CHAPTER 24. _Lollianus Avitus._ See note on Claudius Maximus, chap.

_Anacharsis_, a Scythian prince who travelled far in search of
knowledge. He came to Athens in the time of Solon and created a great
impression by his wisdom.

_Meletides_ (or more properly Melitides) was an Athenian of proverbial
stupidity, whose name was synonymous for blockhead. Eustathius on
Odyss. x. 552, says that he could not count above five or distinguish
between his father and mother!

_Syphax_, king of the Massaesyli in W. Numidia, fought for the
Carthaginians during the second Punic war, and was finally defeated
and captured by Scipio in 203 B.C. After his fall _Masinissa_, King of
the Massyli, was left supreme in Numidia.

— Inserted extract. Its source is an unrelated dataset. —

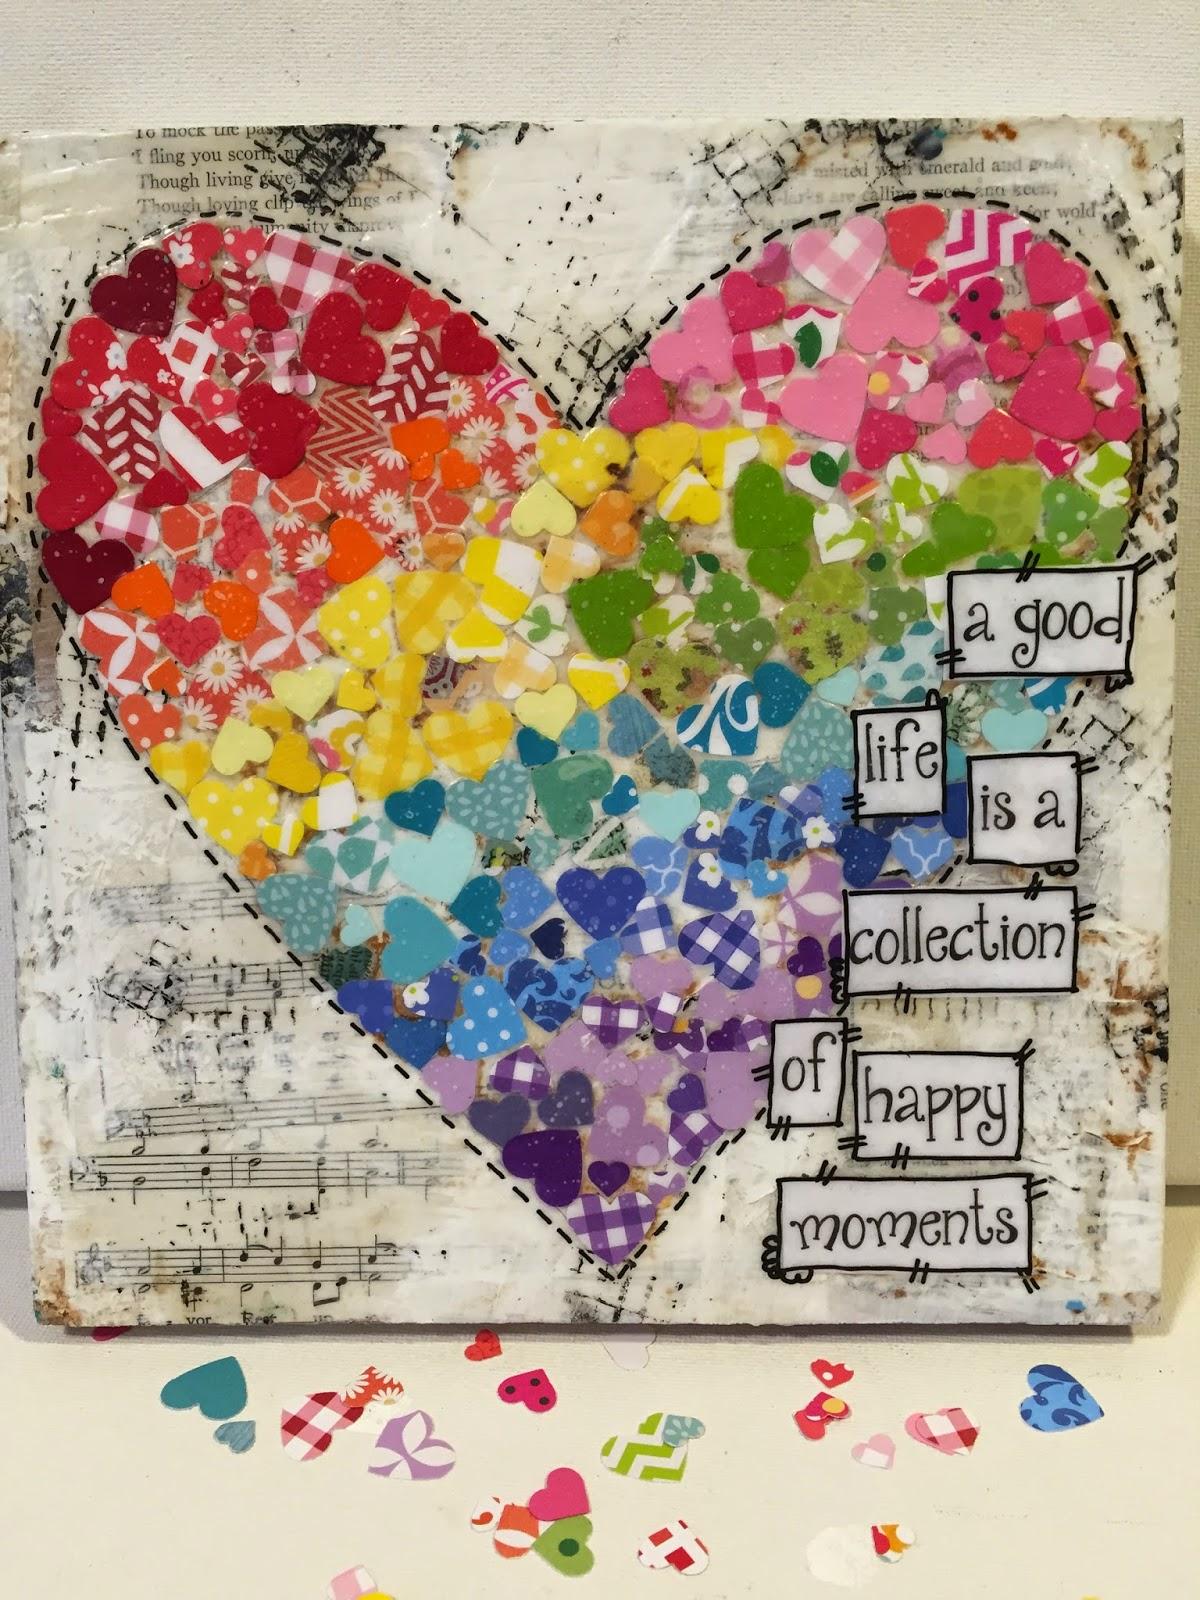 https://www.etsy.com/listing/221123008/rainbow-heart-heart-decor-heart-sign-a?ref=shop_home_active_1

_duumvir._ The chief magistrates in a _colonia_ were styled _duumviri
iure dicundo_.

_the dignity of my position._ This is generally interpreted as meaning
that Apuleius himself had become _duumvir_. It is more likely,
considering his age and his continued absences from Madaura, that it
means merely the position acquired for him by his father's
distinguished office.

CHAPTER 25. _Magician is the Persian word for priest._ 'The name
_magi_ applied to all workers of miracles, strictly designates the
priests of Mazdeism, and well-attested tradition made certain Persians
the inventors of genuine magic, the magic which the Middle Ages styled
the black art. If they did not invent it, for it is as old as
humanity, they were at least the first to give magic a doctrinal basis
and to assign it a place in a well-defined theological system.... By
the Alexandrian period, books attributed to Zoroaster, Hostanes, and
Hystaspes were translated into Greek.' Cumont, Les Religions
Orientales dans le Paganisme Romain, p. 227. Cp. Pliny, N.H. xxx. 7.
_Plato_, Alcibiades i. 121 E.

_Zoroaster, son of Oromazes_, the founder of the ancient religion of
Persia (Mazdeism).

CHAPTER 26. _Plato._ The allusion is to Charmides, p. 157 A. Socrates
offers Charmides a charm to cure the headache. But the charm will do
more than cure the headache. 'I learnt it, when serving with the army,
of one of the physicians of the Thracian King Zamolxis. He was one of
those who are said to give immortality. This Thracian said to me ...
"Zamolxis, our king, who is also a god, says that as you ought not to
attempt to cure the eyes without the head or the head without the
eyes, so neither ought you to attempt to cure the body without the
soul," ... "For all good and evil, whether in the body or in human
nature, originates, as he declared, in the soul, and overflows from
thence, as from the head into the eyes. And therefore if the head and
body are to be well, you must begin by curing the soul; that is the
first thing. And the cure has to be effected by the use of certain
charms, _and these charms are fair words_; and by them temperance is
implanted in the soul, and where temperance is, there health is
speedily implanted, not only to the head, but to the whole body."'
(Jowett's Translation.) Apuleius scarcely makes a fair use of Plato's
words, which he has so far detached from their context as to give them
almost entirely a new meaning.

_Zamolxis_, probably an indigenous deity of the Getae. Greek legend
made him a Getan slave of Pythagoras, who on manumission went home,
became priest of the chief deity of the Getae, and taught the
Pythagorean doctrine of the immortality of the soul.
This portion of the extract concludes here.